En la primera fila cayeron dos de los infectados, uno con la cabeza reventada y otro, una mujer, con un balazo en el estómago. El primero no se levantó, pero la mujer clavó los nudillos en el suelo y se incorporó, como si ni siquiera fuese consciente de que estaba malherida.

—Suba usted primero.

Laura se volvió hacia Aguirre. Aunque el médico tenía el rostro perlado de sudor, no había perdido la calma en ningún momento.

—¿A qué espera? —preguntó Aguirre, juntando las manos para que ella se apoyara.

Laura levantó la pierna, plantó el pie en el improvisado estribo y, haciendo fuerza con las manos sobre los hombros de Aguirre, se izó hasta los barrotes del balcón.

Dos manos enormes y oscuras se cerraron sobre sus muñecas como tenazas de acero. La levantaron como un saco, con tanta fuerza que al llegar arriba la lanzaron por encima de la barandilla.

Laura apenas tuvo tiempo de ver que su salvador era un hombre muy grande. Después, se vio volando por los aires y, sin saber muy bien cómo, se dio un golpe en la frente y resbaló por un suelo frío y duro, hecha un lío de brazos y piernas. Durante unos instantes, todo fue oscuridad.

13

Después de la doctora Fuster, subió al balcón el médico prepotente del cráneo afeitado. Si por ella hubiera sido, Davinia lo habría dejado allí abajo para que les explicara a aquellos locos homicidas sus teorías elitistas. Pero como soldados tenían una prioridad: proteger a los civiles.

Se volvió y tragó saliva. Si una estrella
heavy
hubiese dado un concierto en el séptimo círculo del infierno a una horda de demonios colocados de crack hasta las trancas, habría visto algo parecido a aquello.

Aunque aún no había cumplido los treinta, Davinia ya poseía bastante experiencia. Había servido en el destino más duro posible, Afganistán, donde fue testigo del odio con que algunos de sus habitantes miraban a los occidentales.

Sin embargo, no tenía comparación con lo que se les venía encima.
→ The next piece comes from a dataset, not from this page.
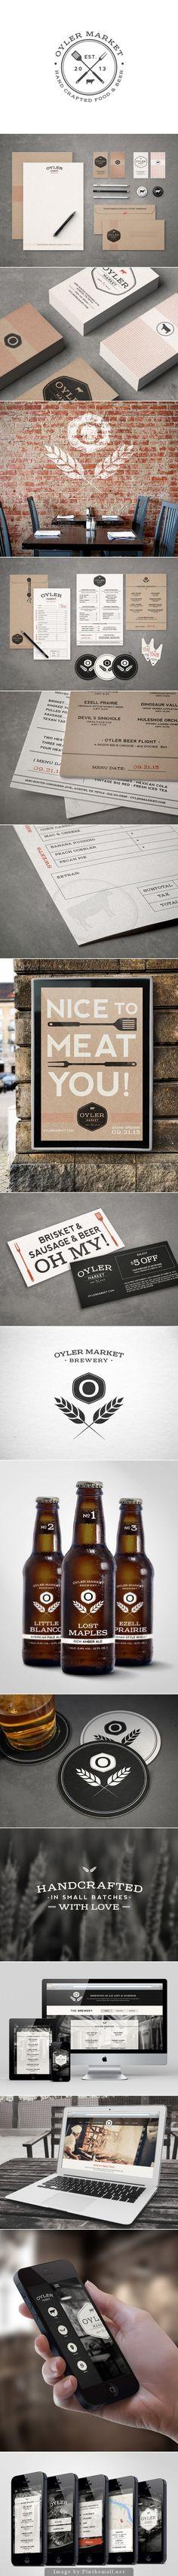 Oyler Market Mockup.

Las caras de aquella gente estaban contraídas, deformadas por un aborrecimiento que brotaba de sus vísceras, que se había convertido en su pura esencia, despojándolos de toda humanidad.

«Sólo son gente enferma», se dijo. Pero sabía que no debía pensar así o dudaría a la hora de disparar.

Antes de ir a Afganistán, Davinia había recibido un cursillo titulado «Matar en combate: resistencia y condicionamiento». Según el instructor, uno de los mecanismos que permitía a los soldados de los ejércitos modernos disparar a matar era la negación: convencerse de que los objetivos contra los que abrían fuego no eran personas reales sino blancos móviles con forma humana.

El enemigo que tenía delante ahora había perdido incluso esa forma. Los ojos, negros por los derrames internos, parecían más de licántropos que de seres humanos, y los gruñidos que emitían aquellas bocas espumeantes no guardaban la menor semejanza con ningún lenguaje articulado.